I implement an auth endpoint which takes an email and password and returns a JWT token. Inside the JWT there is a payload containing the user ID. Does it matter from a REST/JWT standards perspective which of these approaches I take?

  1. return the token and let the client request the /users/user_id resource on a callback with the decoded user_id and the token
  2. return the entire user object with the token from the /auth endpoint for the convenience of the client.

(my question is implementation/library agnostic and about the api-design pattern)

2 Answers 2



End points are functions. From this perspective it doesn't matter what they do as long as the client is aware that this is what will happen, and is happy to deal with the output/outcomes.

So if you write the only client and you have a sequence of six operations that are called in a row, it might make sense to collapse them down into a single call that does it all.

But if you don't write the only client, then there is a good chance that such complex endpoints will make life harder for them. It would be like trying to get a paper and having to verify that you have medical insurance. Its better to have smaller concise operations to allow these other clients to pick and choose how and when.

A middle ground is to offer a small variety of common chains by opt in.

  • /auth -> just the JWT token
  • /auth?include=user -> JWT token + user details please

As for REST, then yes it matters a lot.

The two graces of REST are that the server doesn't have to keep connection state, and that intermediaries can cache the result to distribute to their audience to reduce overall load on the server.
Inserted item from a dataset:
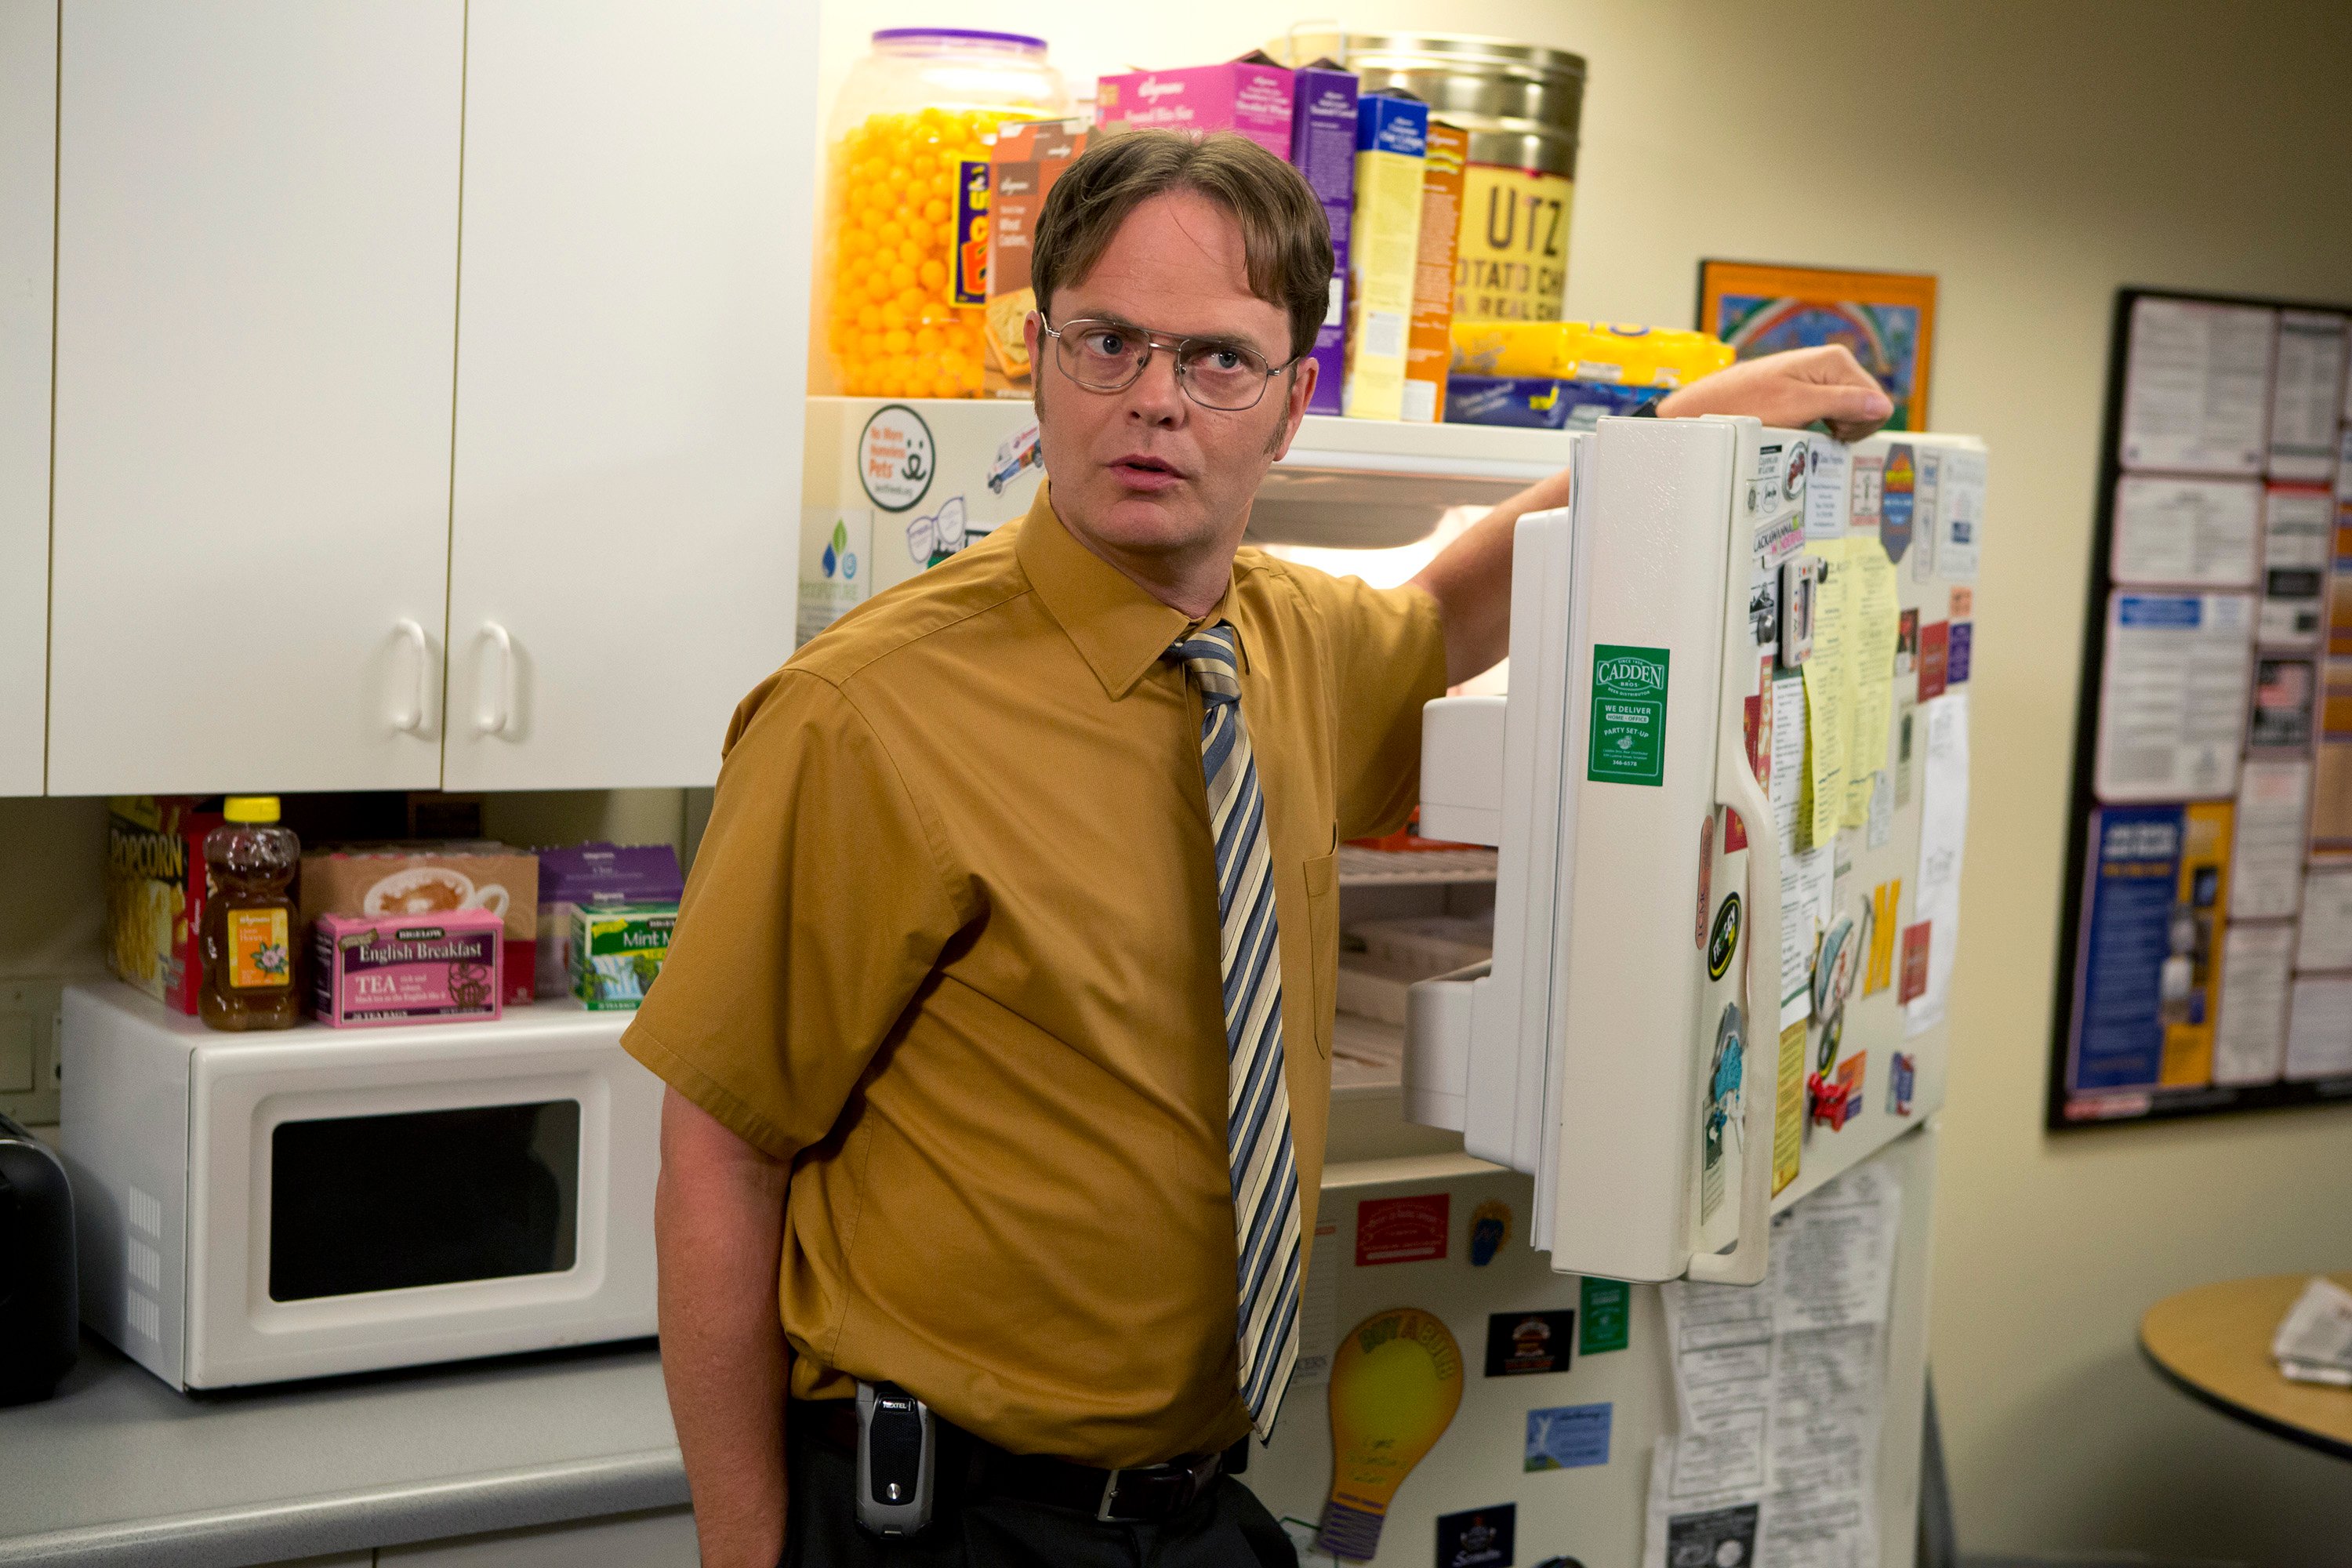 The Office cast member Rainn Wilson on set as Dwight

JWT tokens don't fit in this model. You don't want them cached, you don't want them shared.

Other data though might be perfectly fine to cache. Perhaps not confidential user data, but if those details were public user information it would be fine.

Mixing the two types eliminates one of the benefits from a REST system. Not the end of the world, but if you are trying to get the scalability it is an anti-pattern.
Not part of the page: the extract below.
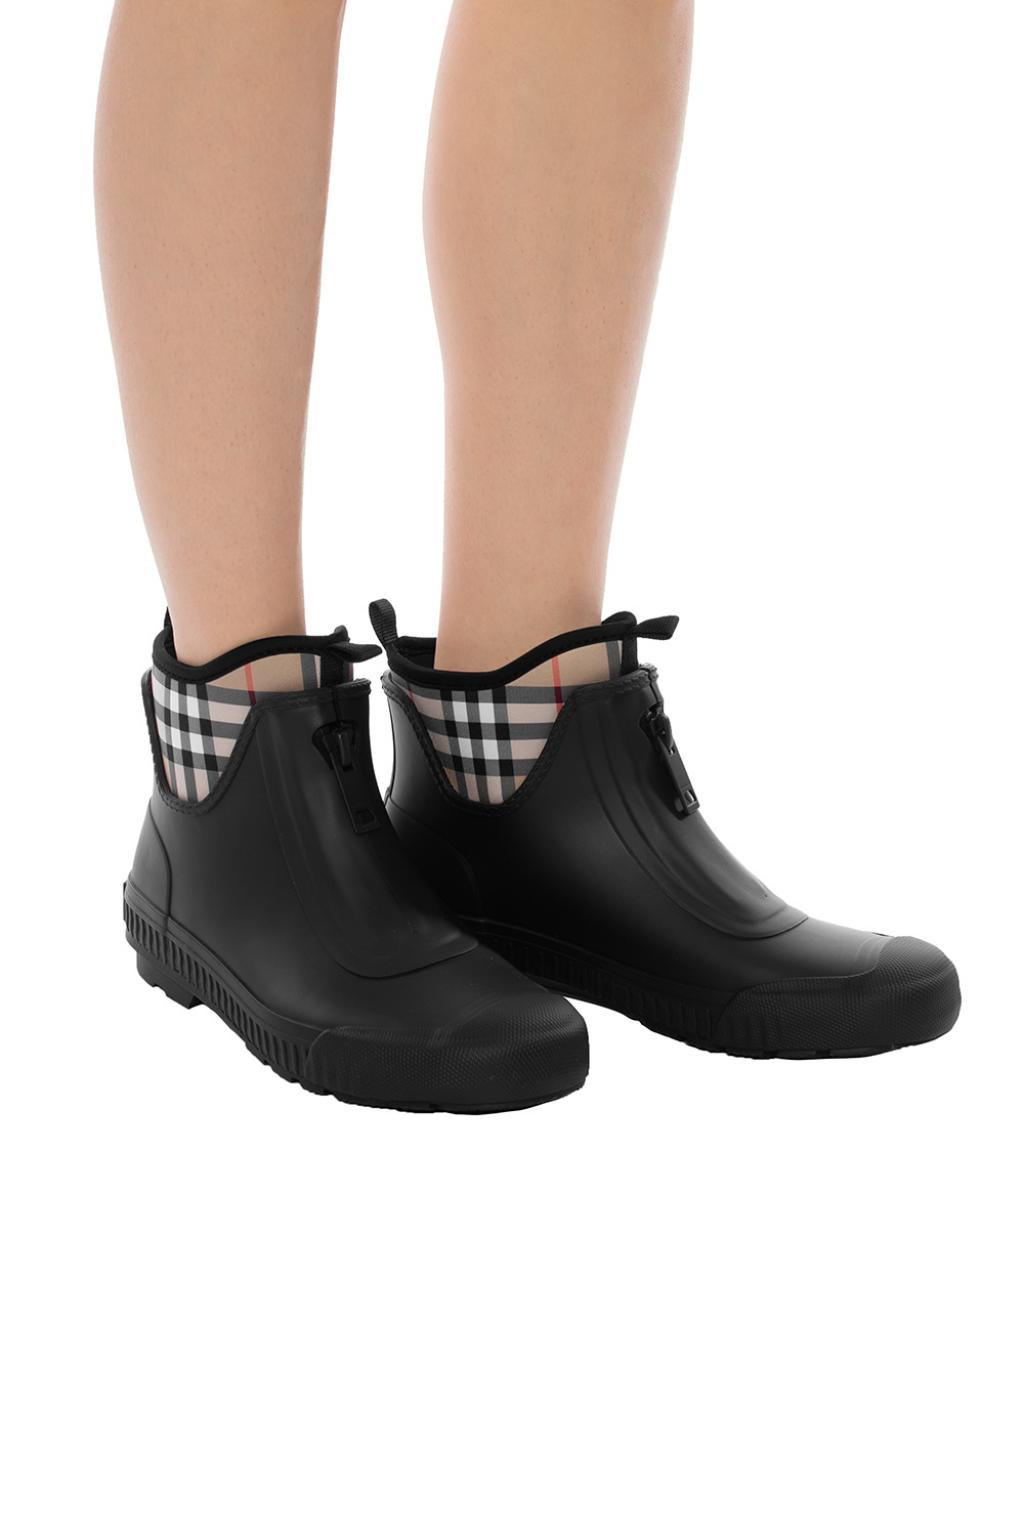 burberry flinton rain boots

If you really want to follow a REST pattern, you should only return the user ID and then have the client request user data in a separate endpoint (every endpoint is responsible for one thing only). This could potentially be tedious/annoying for the client depending on the use case.

If you think that every time the user will want/need their own information after they authenticate, then you might as well just return that info with the authorization call.

For my own applications, I typically just return user info during authentication for convenience and one less call to the server.